Problem — Go through the entries and copy every line that has the string "Twitch" in it.

Record extracts Start Marker

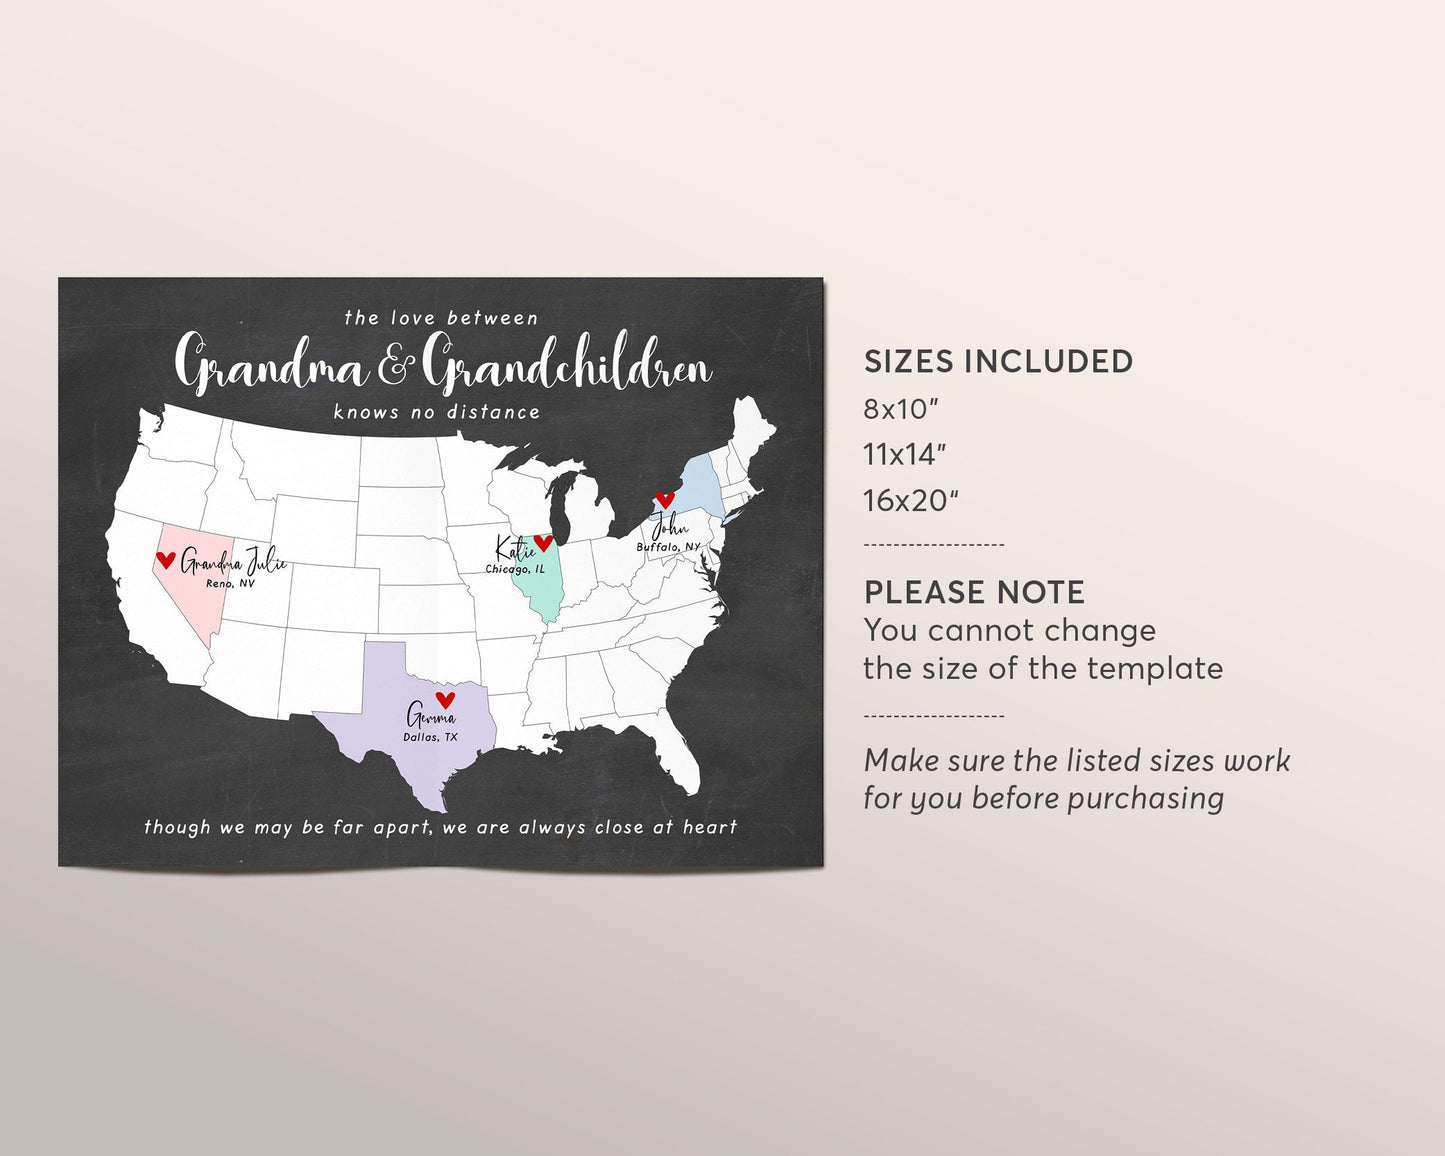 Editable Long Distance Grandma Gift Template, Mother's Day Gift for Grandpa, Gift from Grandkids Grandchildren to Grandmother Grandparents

Record extracts End Marker
Record extracts Start Marker

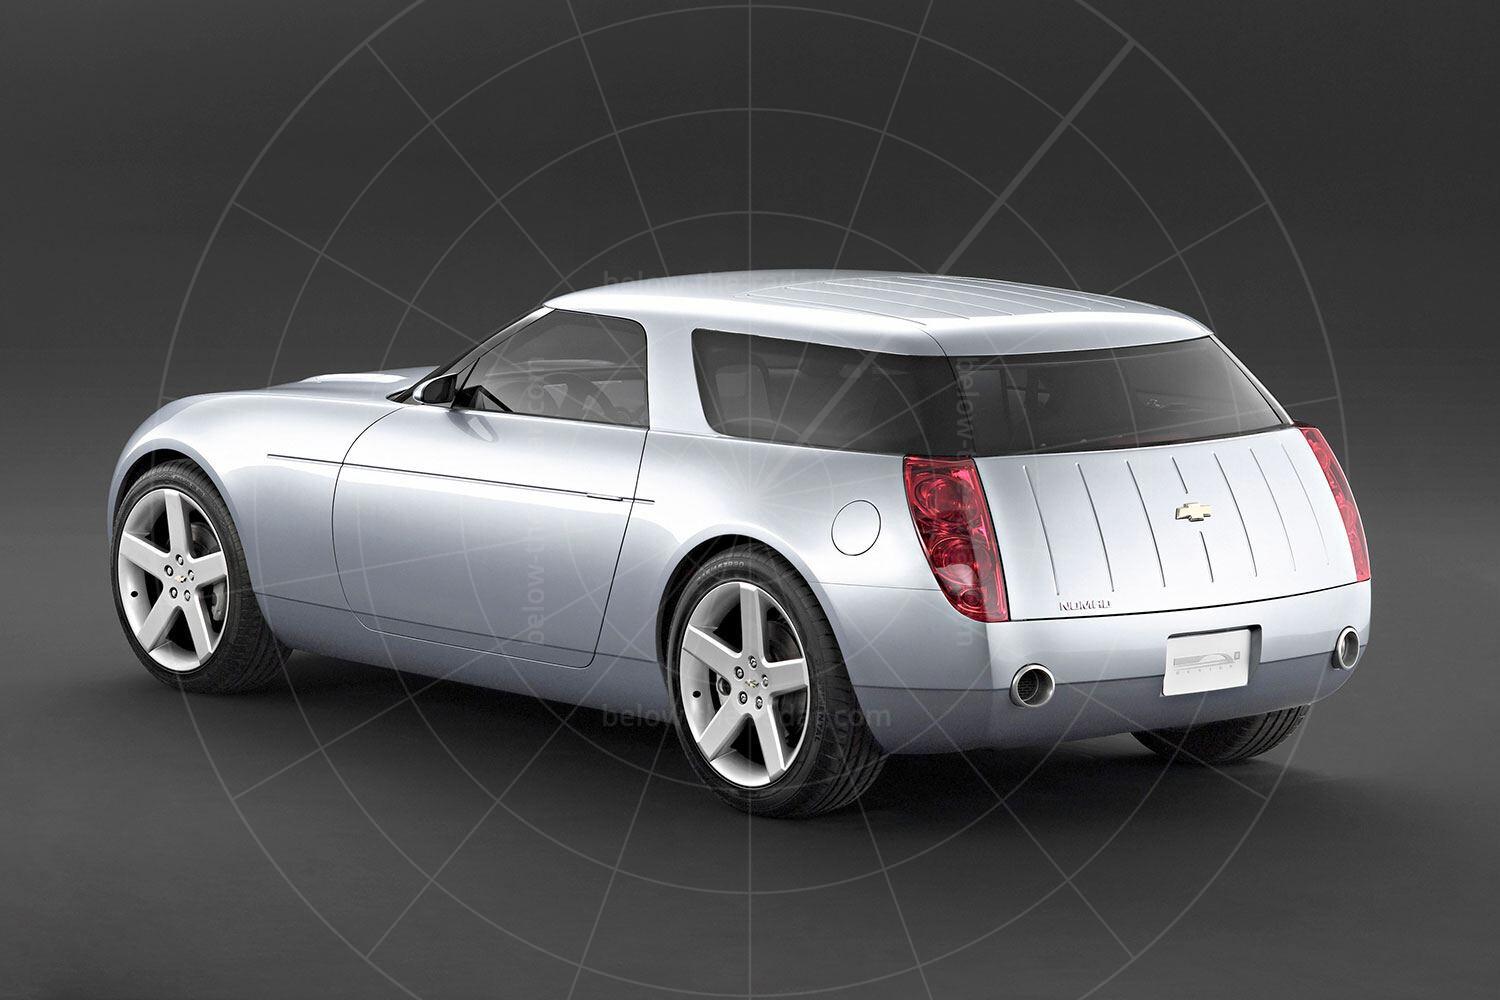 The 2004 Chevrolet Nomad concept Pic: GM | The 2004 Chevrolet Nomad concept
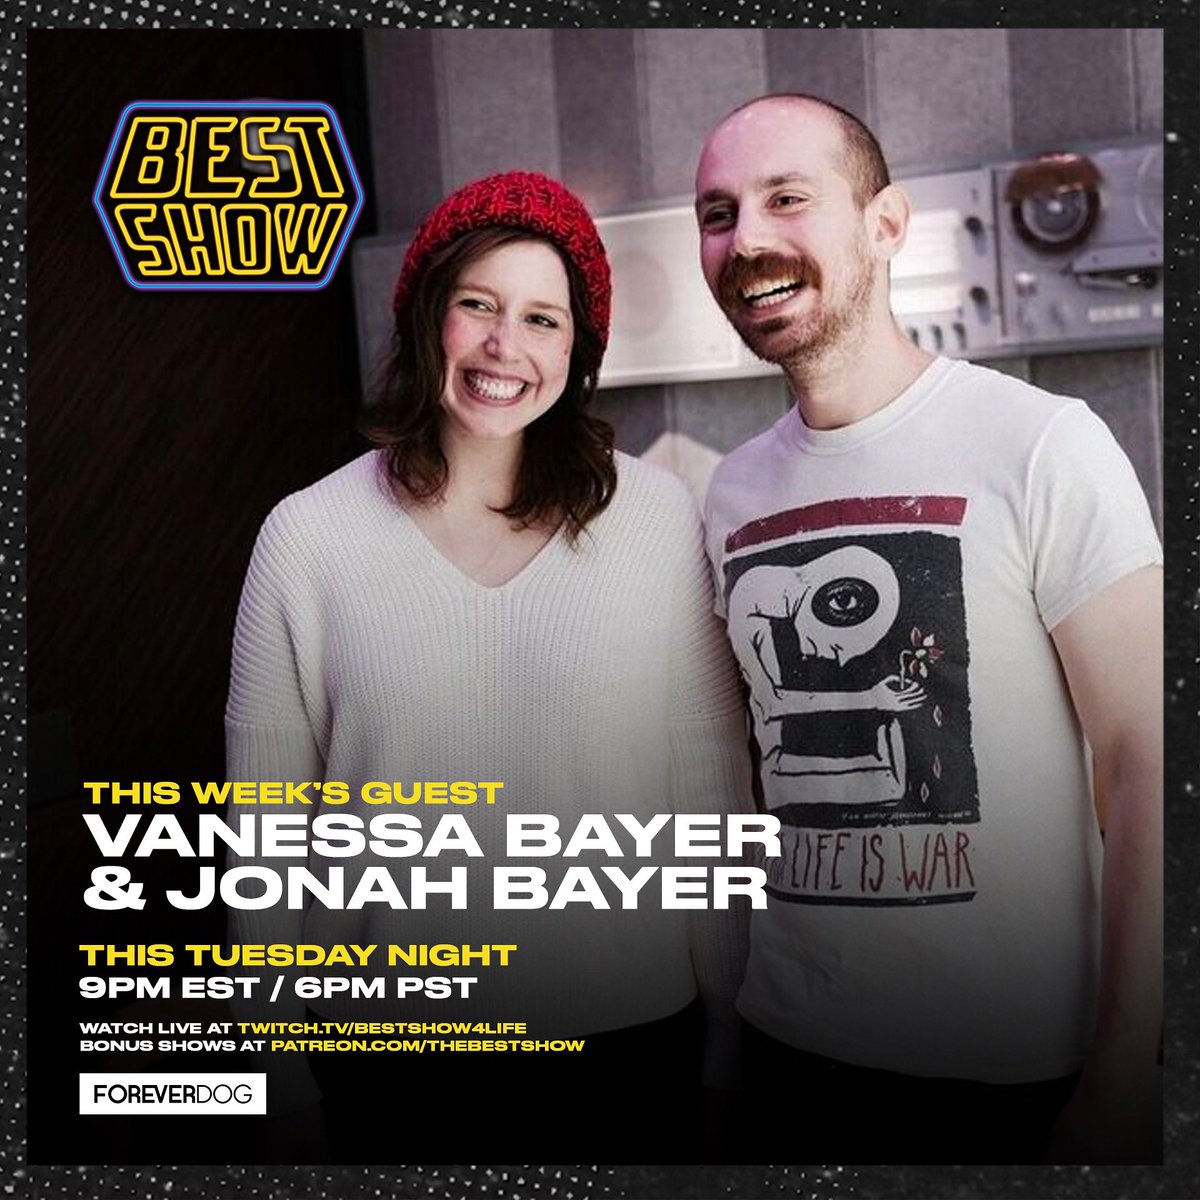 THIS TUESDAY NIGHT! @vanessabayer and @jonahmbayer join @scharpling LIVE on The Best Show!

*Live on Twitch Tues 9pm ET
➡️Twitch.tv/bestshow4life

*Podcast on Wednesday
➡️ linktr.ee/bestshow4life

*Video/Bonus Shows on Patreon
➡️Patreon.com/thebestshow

Record extracts End Marker

Written answer —
*Live on Twitch Tues 9pm ET
➡️Twitch.tv/bestshow4life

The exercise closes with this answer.